Use another RasterSelector to re-select all bands and palettes to return to the default state.

Bands and palettes are numbered, starting at zero, and are selected by their number(s).

Tiling and Mosaicking

A raster can be tiled into a series of smaller adjacent rasters, and multiple adjacent rasters can be mosaicked into one larger raster.

Band Combining and Separating

Band combining is not mosaicking – it is the creation of a multi-band raster by stacking multiple rasters that have identical extents and resolution into a single raster. All bands retain their values, unaltered.

Examples include assembling an RGB raster from three individual red, green, and blue band rasters, or generating a scientific gridded dataset with recurring measurements over a time period.

Band separating is the inverse operation – creating one raster per band and/or palette of a multi-band (or multi-palette) raster. A common use is writing multi-band or multi-palette rasters to formats that support only single-band or single-palette output.

Pyramiding

Pyramids are downsampled (lower resolution) versions of a raster, sometimes referred to as overviews or thumbnails. They are usually generated to improve performance, and are particularly useful for web streaming rasters.

When zooming in and out, cached pyramids can display more quickly than resampling the raster at each zoom request.

Compression

Rasters can be rather large in terms of storage space.

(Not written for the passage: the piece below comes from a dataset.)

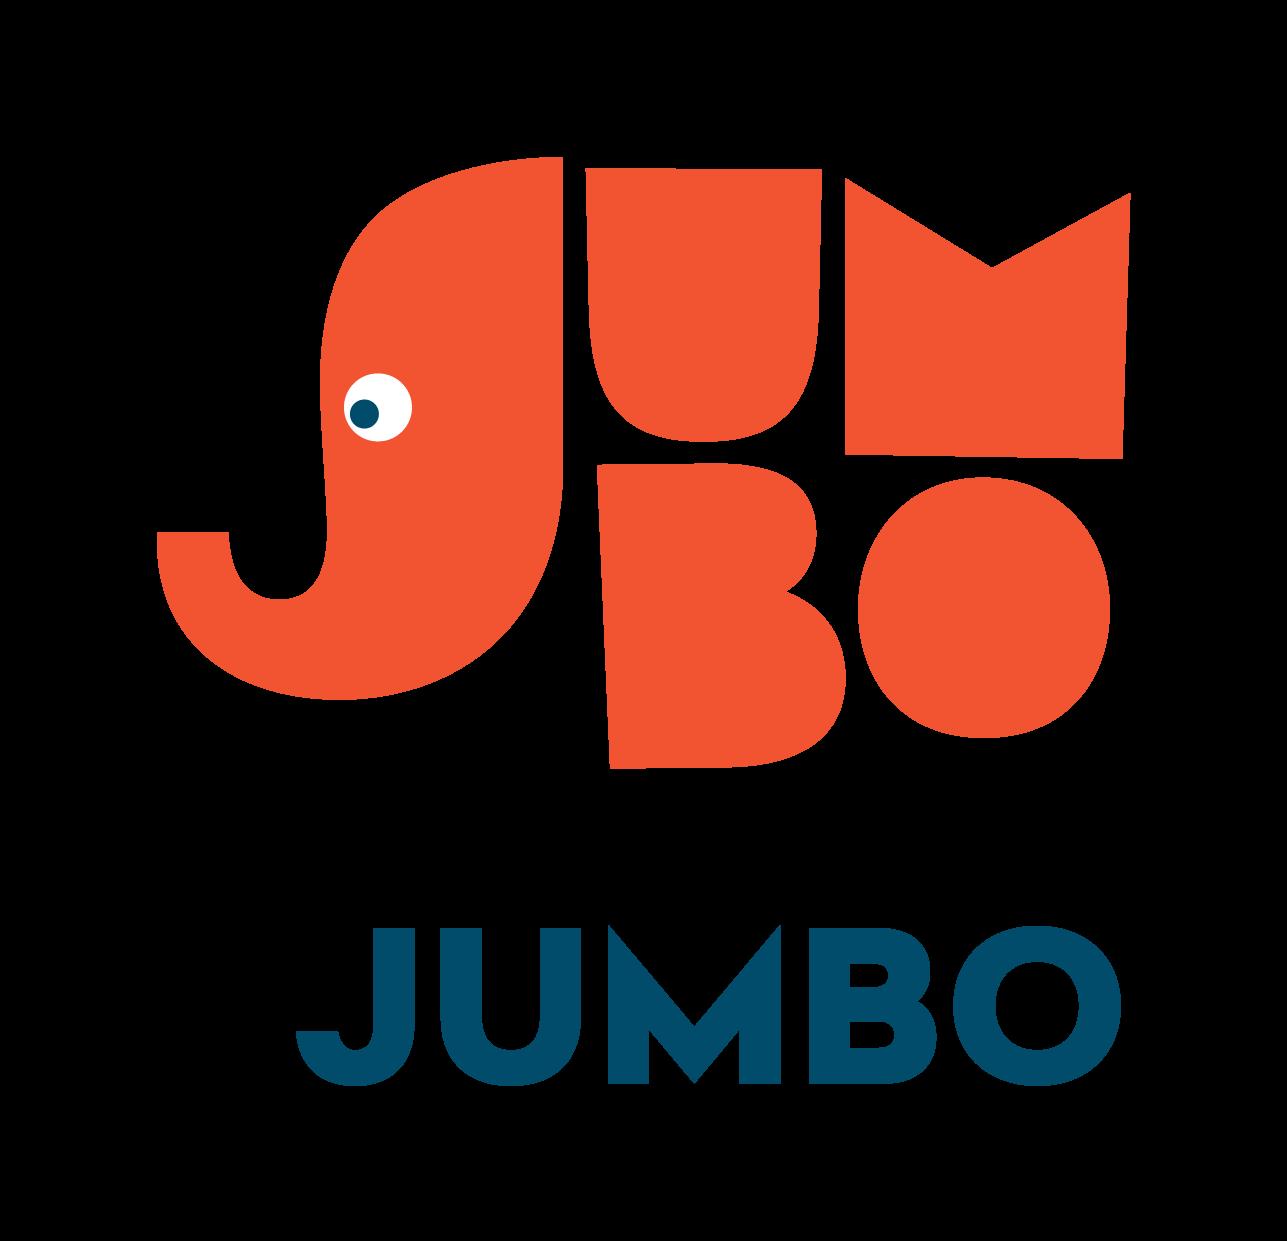 Jumbo Interactive Limited (JIN:ASX) logo

A variety of methods exist to compress rasters, reducing their size. These algorithms fall under two categories:

  • Lossless – compresses the raster while preserving its original cell values. Examples include:

    • Runlength coding

    • Blockwise coding

    • Quadtree coding

    • Huffman coding

    • LZ77

  • Lossy – compresses the raster with some generalization of cell values, typically in color variation not noticeable by the human eye. Examples include:

    • Discrete Cosine Transform (DCT) – such as JPEG

    • Wavelet compression – such as JPEG 2000

Lossy methods can usually produce higher compression ratios than lossless.

Raster size can also be reduced by reducing resolution (downsampling) to increase cell size, or by paletting, which reduces and generalizes values to a limited set. Both of these methods are lossy.

Raster File Naming

FME features with raster geometry each typically represent one raster data file, though some raster format datasets such as GeoTIFF can contain multiple images.

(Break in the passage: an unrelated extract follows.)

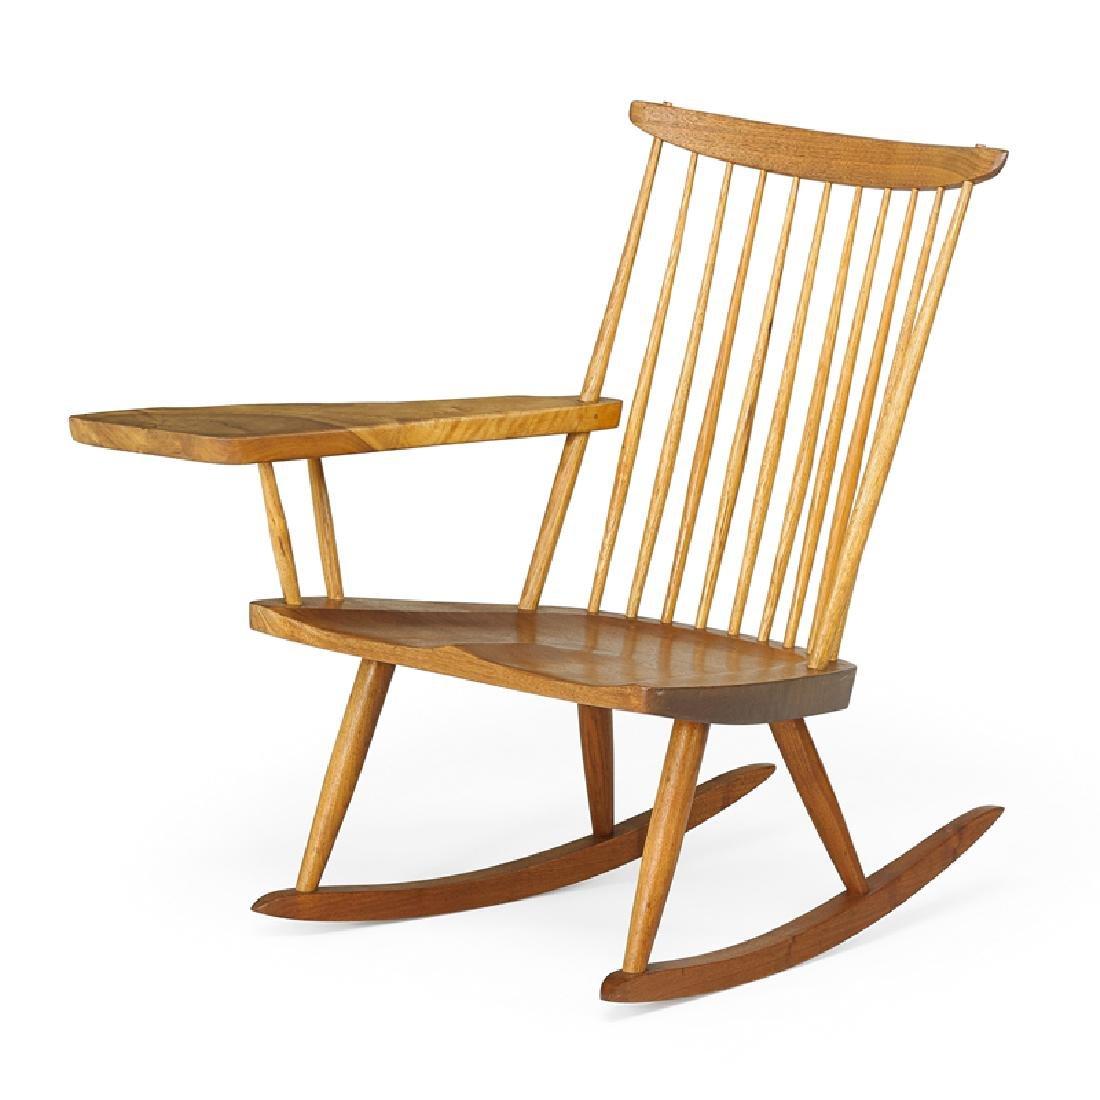 GEORGE NAKASHIMA Lounge Chair Rocker with Arm

Raster writers typically accept a folder as a destination dataset.

When writing multiple raster files for one dataset folder, the feature type name is used to determine the filename. If multiple features are written to the same dataset, the name will be suffixed to be unique.

Most file-based raster format writers fan out on fme_basename. The feature type will be the value of the fme_basename attribute, which is set by all raster format readers to be the filename, without path or extension.

For example, on reading the two files image1.tif and image2.tif, two features would be produced- one with an fme_basename value of image1, and one with a value of image2. If these two features were then sent to a PNG writer fanning out on fme_basename, two new files would be produced – image1.png and image2.png.

Raster format writers that store their data in files avoid overwriting existing files and differentiate output files from one another when multiple rasters are written (particularly if the writer outputs one file per raster feature). A simple renaming mechanism prevents name collisions. The first output file is written using the name requested in the workspace. Additional files are automatically distinguished by appending sequential numbers to the filenames. For example, if four rasters are written to the same feature type, named image, the result is a set of output files with the names image.tif, image_1.tif, image_2.tif, and image_3.tif.

Note that renaming the output files only occurs within a single instance of the writer within a given translation. Multiple translations of the same workspace that incorporates a file-based raster writer will overwrite previous file output if name collisions occur. Similarly, using multiple writer instances targeted at the same folder is considered unsafe if the same feature types are used in both translations, as overwriting may occur.